Makiko Harris: Needle Dance – Kristin Hjellegjerde Gallery x art’otel London Hoxton

Multidisciplinary artist Makiko Harris brings Needle Dance to an unexpected art space in East London, giving audiences the opportunity to explore her take on Japanese folklore, feminism, and fate.

Needle Dance

For those of you who will be in the Shoreditch/Old Street/Hoxton area of East London in the coming days, I have found you an unusual and intriguing art outing. Perfect for exploring away from the dreary rain outside. What I am talking about is Needle Dance, an underwater film and multimedia exhibition by Makiko Harris, at art’otel London Hoxton. The selling exhibition, in conjunction with Kristen Hjellegjerde Gallery, takes over art’otel’s basement event space and screening room. I was intrigued to find out more about the art, the space, and the red thread of fate.

Let’s start with the art and artist, shall we? Makiko Harris is an American-Japanese artist originally from San Francisco. Now based in London, she earned a Master of Contemporary Art Practice from the Royal College of Art in 2023. Her art is multidisciplinary or interdisciplinary: she works in sculpture, painting, film, sound and installation. Her first artist film debuted at Tate Modern in 2023.

Needle Dance and the accompanying installation reprise motifs already threaded through Harris’s work (pardon the pun). After inheriting her grandmother’s sewing kit, Harris brought it back with her to London. She first played with the idea of enlarging the scale of its needles, creating towering sculptures from objects that are typically domestic in scale and feminine in their connotations. Over time this motif has evolved into something more balanced. The scaled-up sewing implements still demand attention, but there is also a recognition of how they mend and unify, bringing things, and maybe people, together. In exploring the connections between textiles, femininity and feminism Harris draws on a long tradition, looking back to artists including Louise Bourgeois, Judy Chicago and Magdalena Abakanowicz.

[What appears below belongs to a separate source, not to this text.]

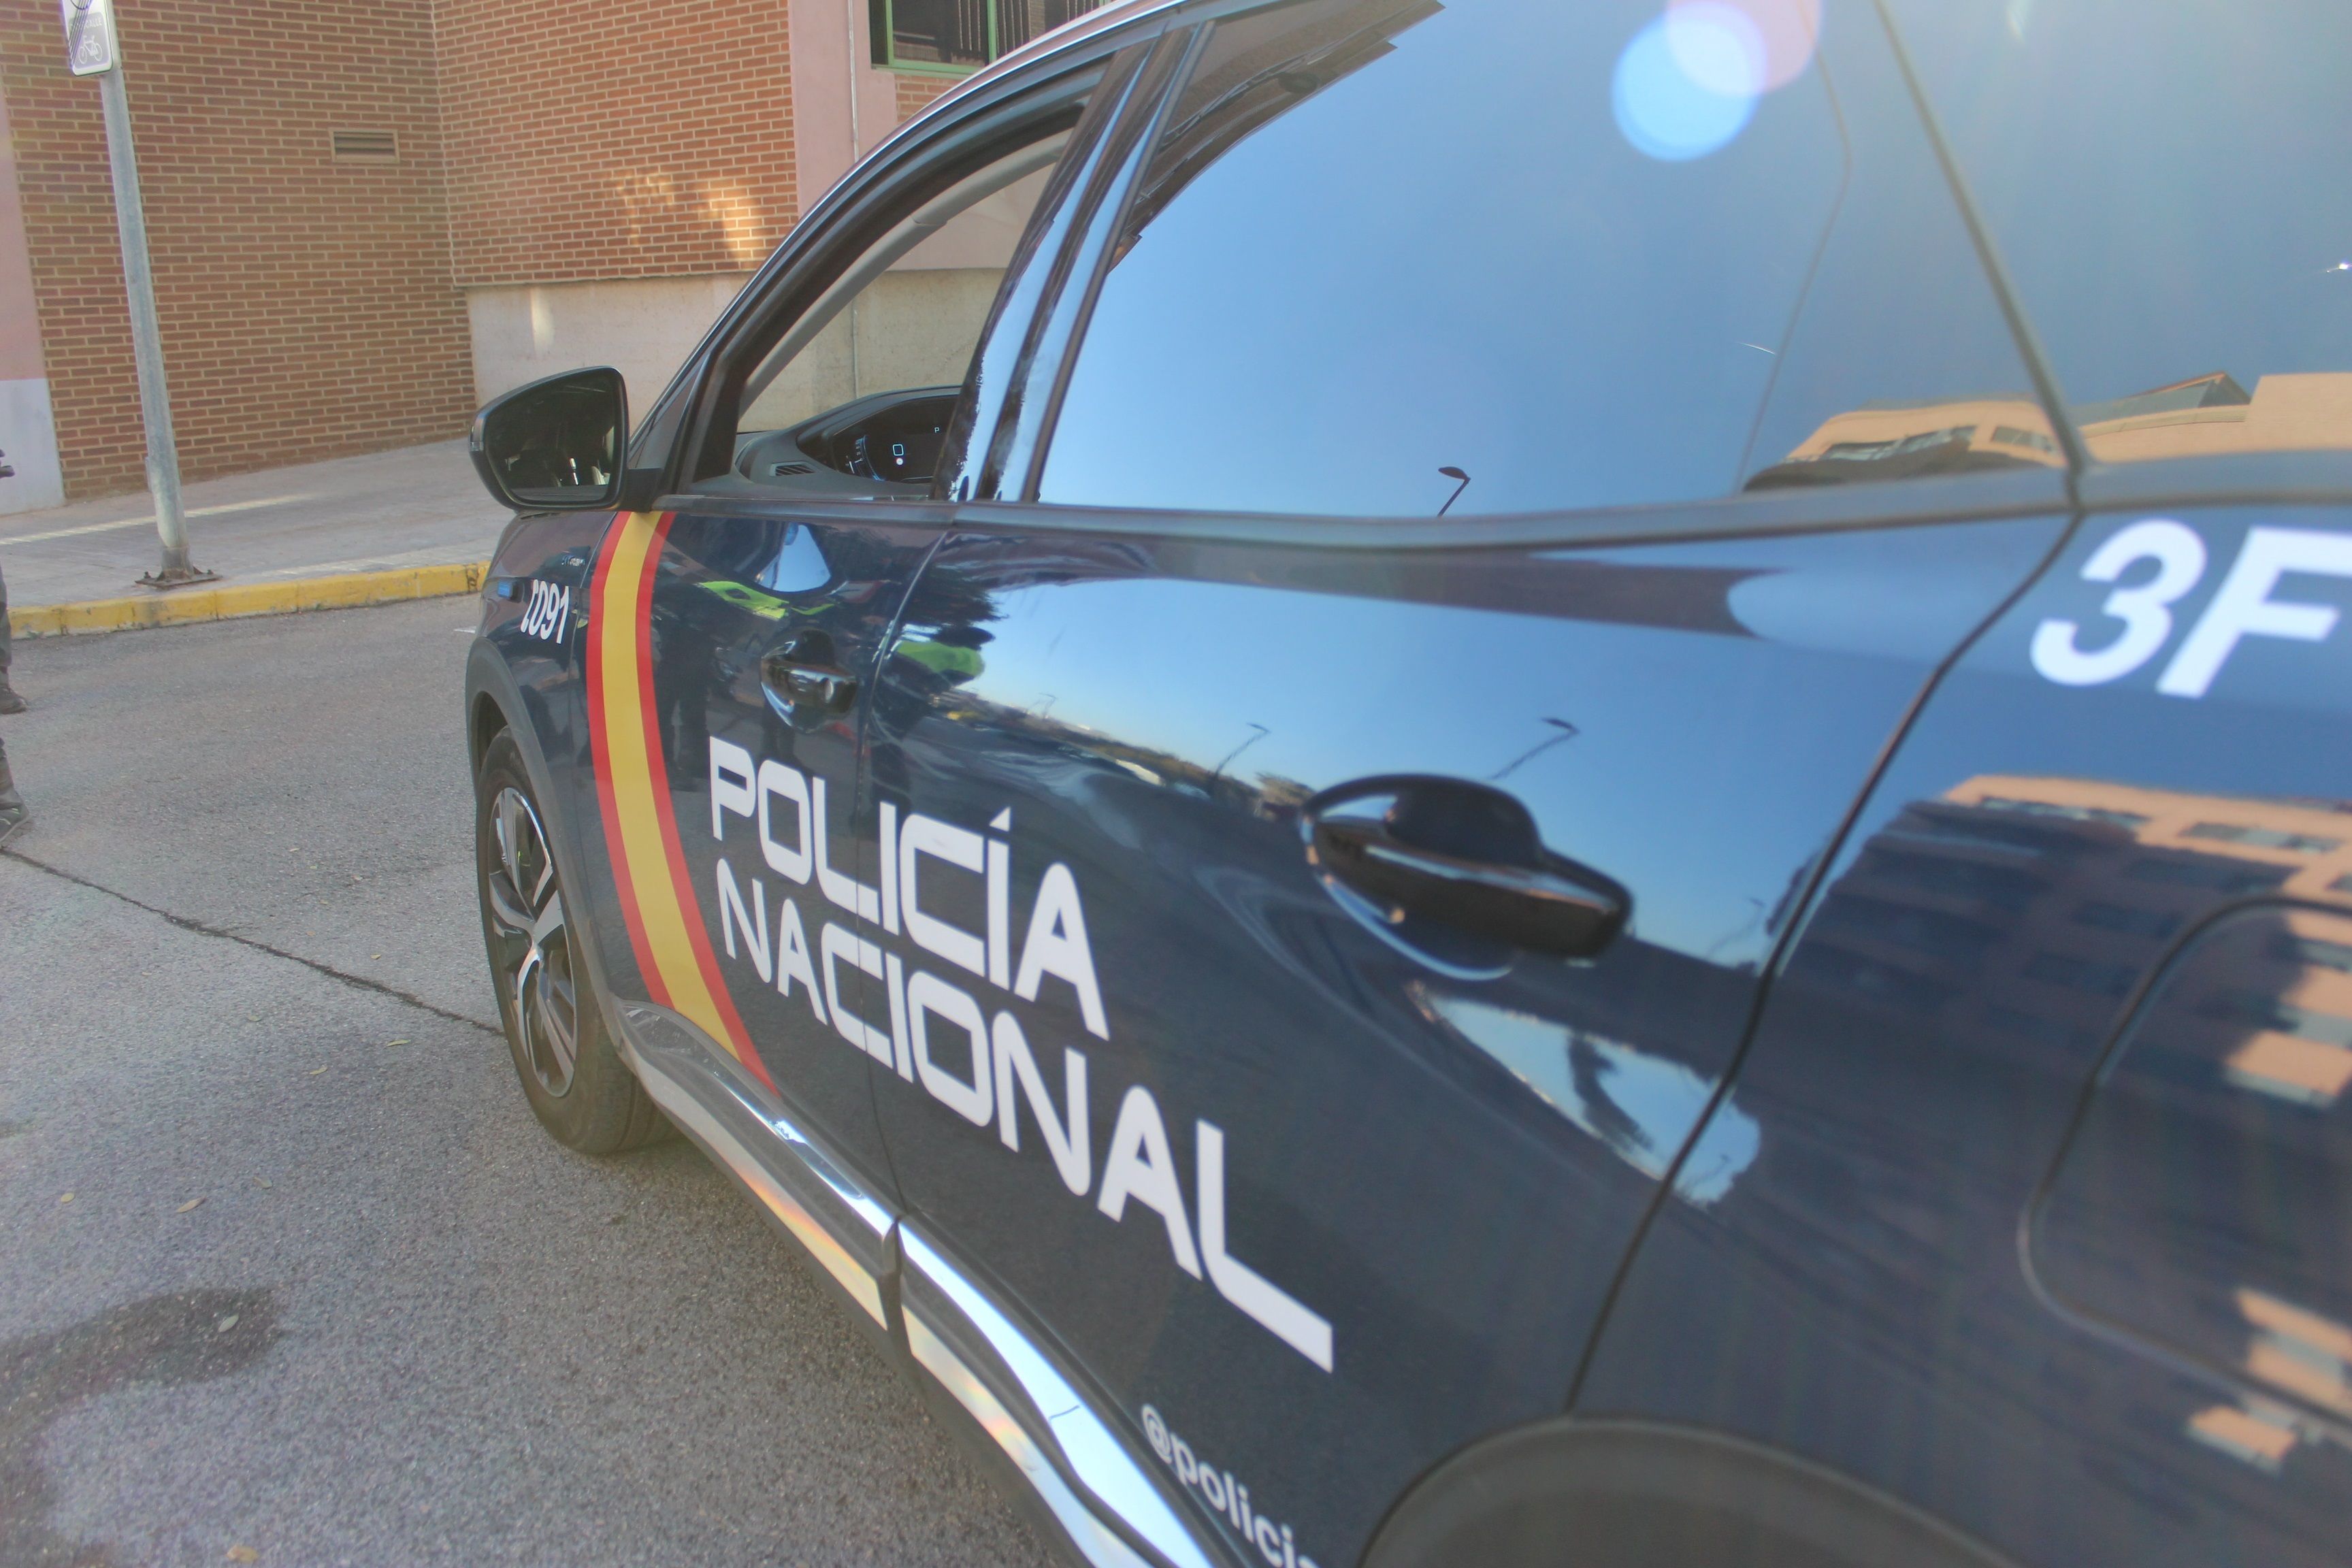 Persecución con disparos en el centro de Jaén

A Technically Accomplished and Aesthetically Engaging Film

But what of the art itself? The art’otel space, as I mentioned, is a basement level event space. Sculptures greet you as you head down the stairs, and are placed around the perimeter of the main room. Projections from the film use the walls to great effect to create an immersive environment. The costumes worn in the film are also on display, a precursor to what is to come.

And then into the screening room. Needle Dance is not a long artist film at around five minutes. It is accompanied, however, by a ‘behind the scenes’ documentary of around ten minutes. The film, directed by Peter Gray, has a luxurious, saturated look commensurate with his contributions to publications like Vogue and Harper’s Bazaar. A male and female dancer interact in an underwater world. Dressed in costumes by Deborah Milner, they twirl, parry, intertwine and separate. In their hands they hold Harris’s monumental needles, threaded with the red threads of their costumes. This is a reference to the East Asian belief in a ‘red thread of fate‘, an unbreakable connection between those who are destined to meet or to love.

A film is an interesting extension of Harris’s maturing artistic vocabulary and imagery. By transforming the needles and threads from something static to something active, it allows her to explore the tension between fate and autonomy, for instance. Are the dancers’ pre-destined, or do they shape their own movements, and thus fates? The soundtrack, co-composed by Harris and Carlos Basilisco with Harris performing on violin, underscores the feeling of timelessness and folkloric romance.

So all in all, Needle Dance is a relatively quick visit, which nonetheless opens the door for visitors to get to know a different London art space and explore new ideas in interdisciplinary art and the intersection between folklore, feminism and contemporary art.